On the retail side, Retail Opportunity Investment Trust is trying to tap into the rising buying power of consumers in the densely populated upper and middle income markets in the West with 55% of its portfolio located in Northern and Southern California, 23% in Portland and 22% in Seattle.
Meanwhile, construction is starting to stir anew throughout the U.S., and there's evidence demand is finally picking up in the West, hammered for years by the collapse in the housing market since the Great Recession.
Associated Builders and Contractors (ABC) reported last month that its Construction Backlog Indicator (CBI), a forward-looking economic indicator measuring the amount of construction work under contract, rose 4.3% in the second quarter after declining the two previous quarters.
The West registered the largest quarterly gain among the four U.S. regions, with construction backlog rising from 6.6 months to 7.5 months, surpassing the Northeast, which posted the smallest gain in construction backlog to end the quarter at 7.28 months. Despite a decline in the quarter, decline, the South continues to report the lengthiest backlog at 8.75 months.

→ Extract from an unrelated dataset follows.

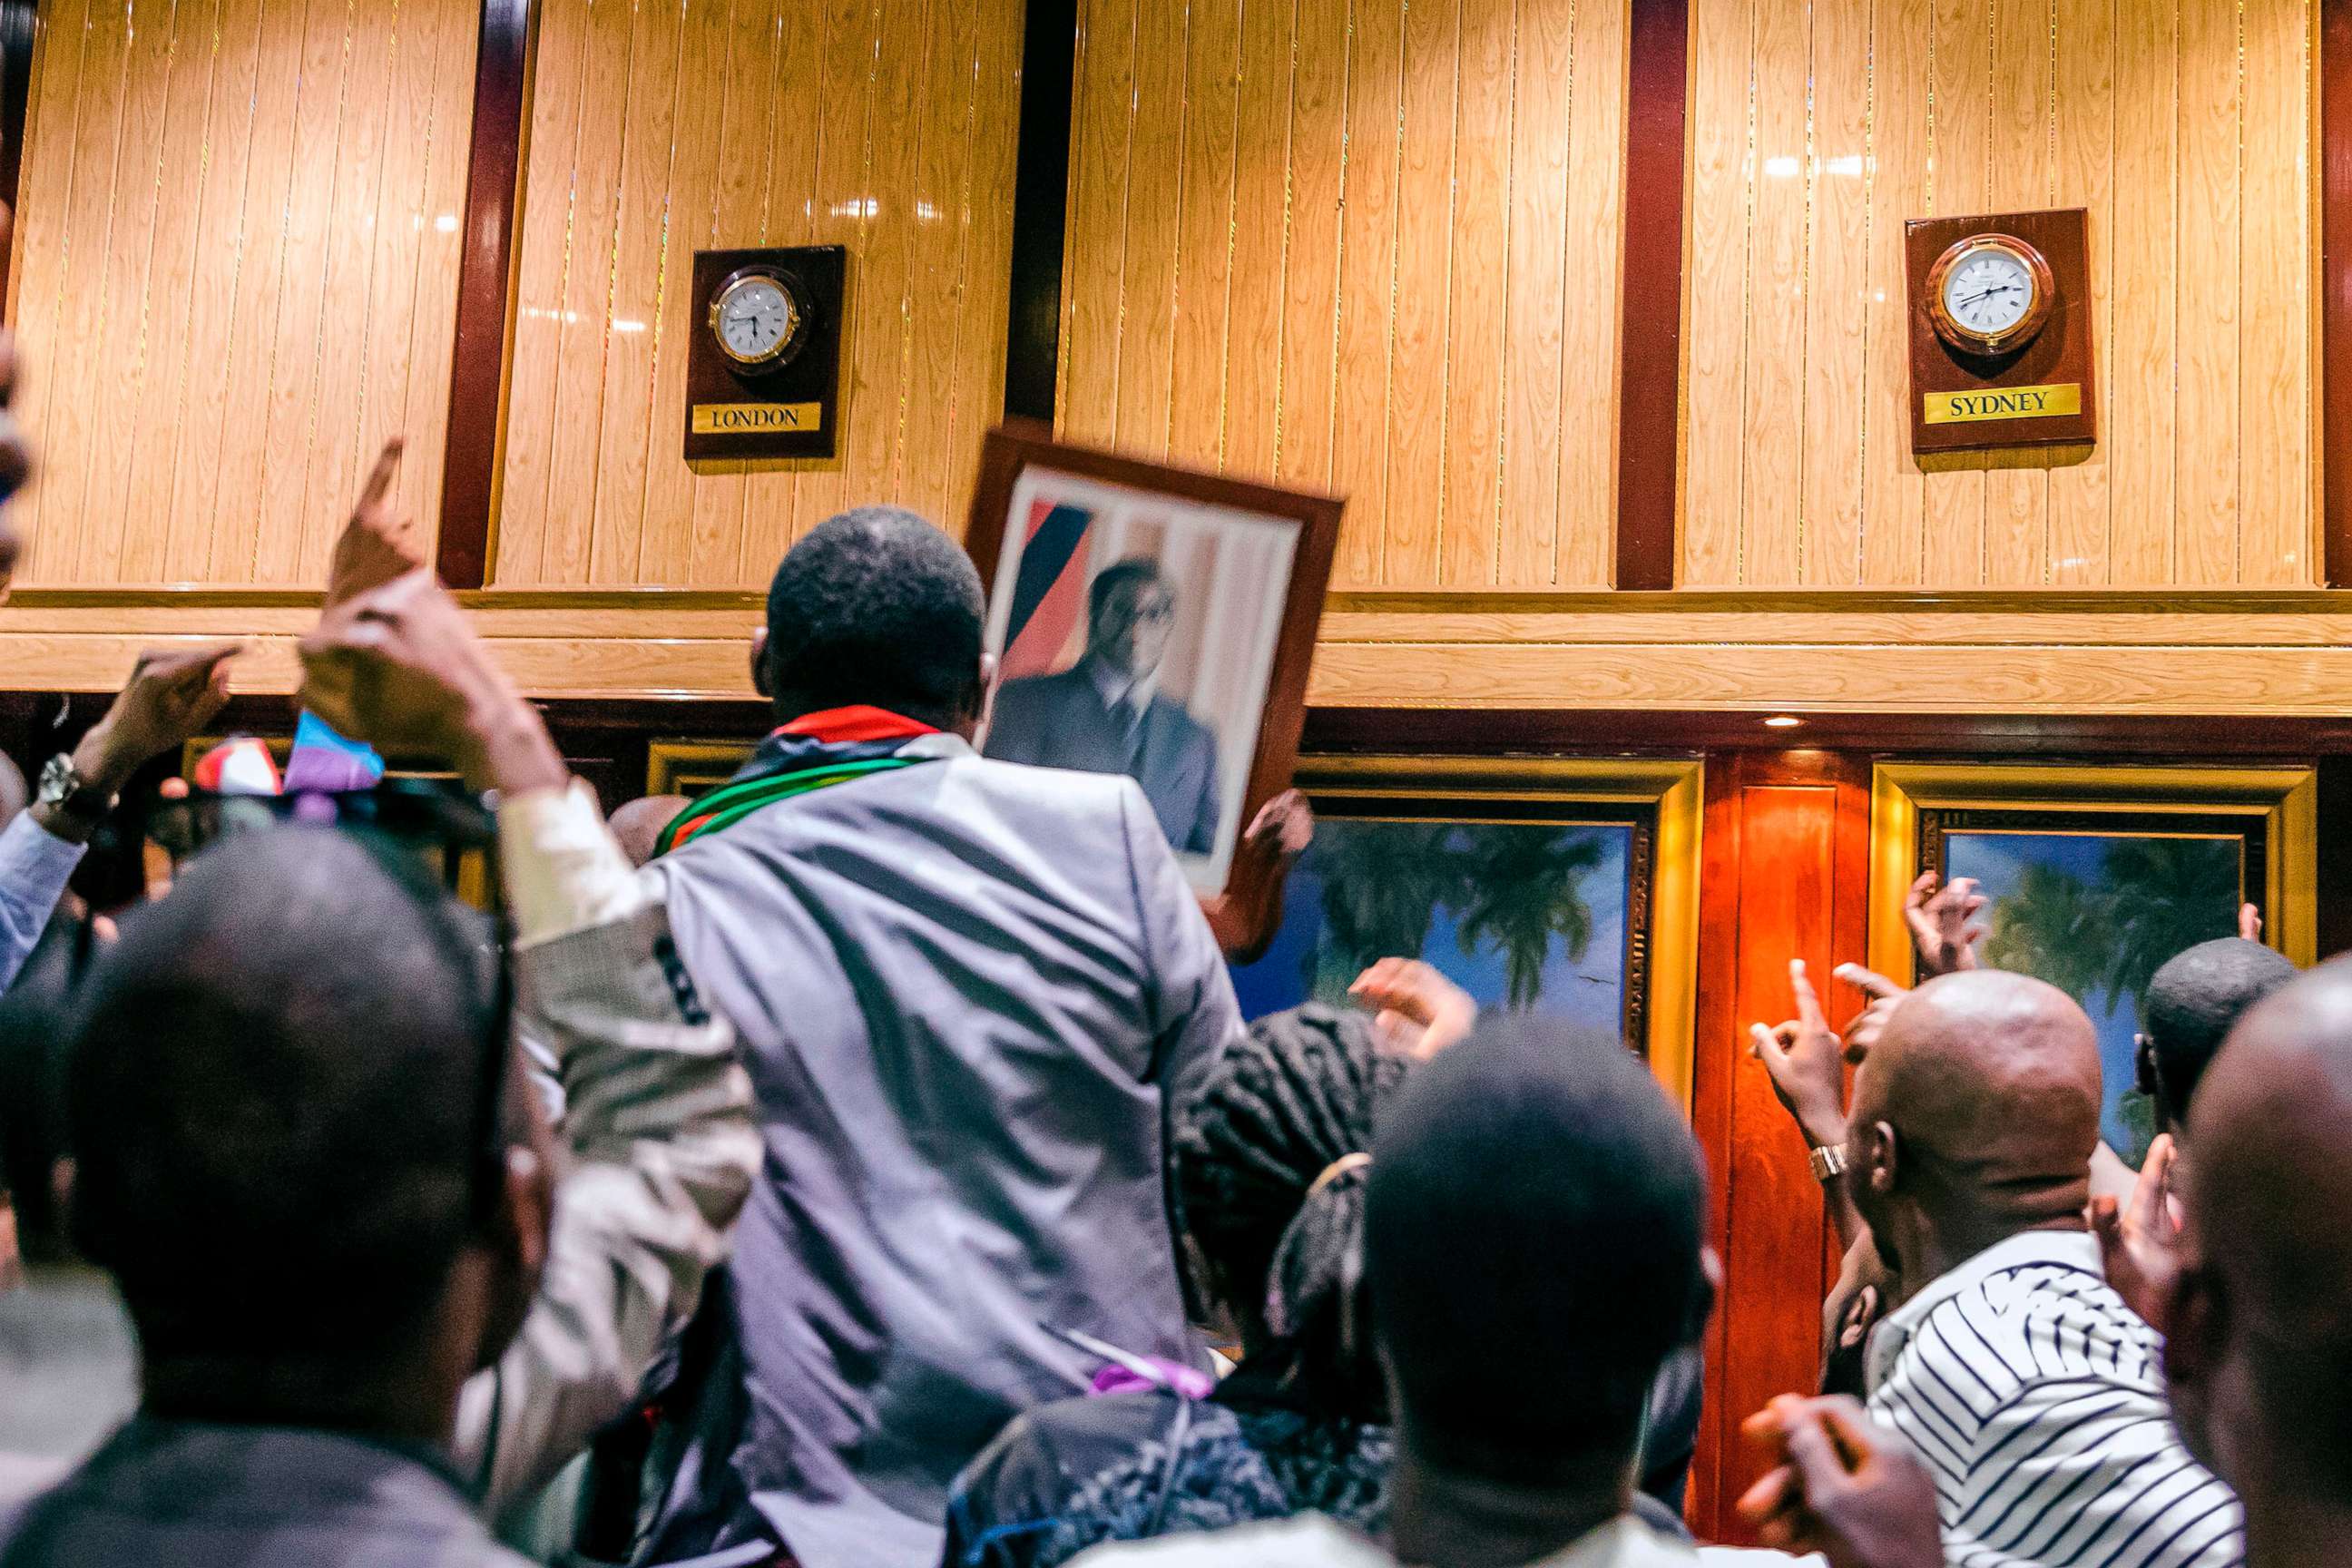 PHOTO: People remove, from the wall at the International Conference center, where parliament had their sitting, the portrait of former Zimbabwean President Robert Mugabe after his resignation on Nov. 21, 2017 in Harare.

The CBI predicted both the broader economic softness experienced during the first half of 2012 and a flattening of the nation?s nonresidential construction recovery, and the latest CBI data is now projecting gradual acceleration in nonresidential construction spending and perhaps a slight increase in the overall pace of construction activity, said ABC Chief Economist Anirban Basu.
"The West has experienced increasing backlog for two consecutive quarters and arguably enjoys more forward momentum than any of the four regions monitored by ABC," Basu said. "California?s innovation economy, Washington?s active aerospace and technology industries and Arizona?s overall economic improvement are creating new opportunities for contractors, both directly and indirectly."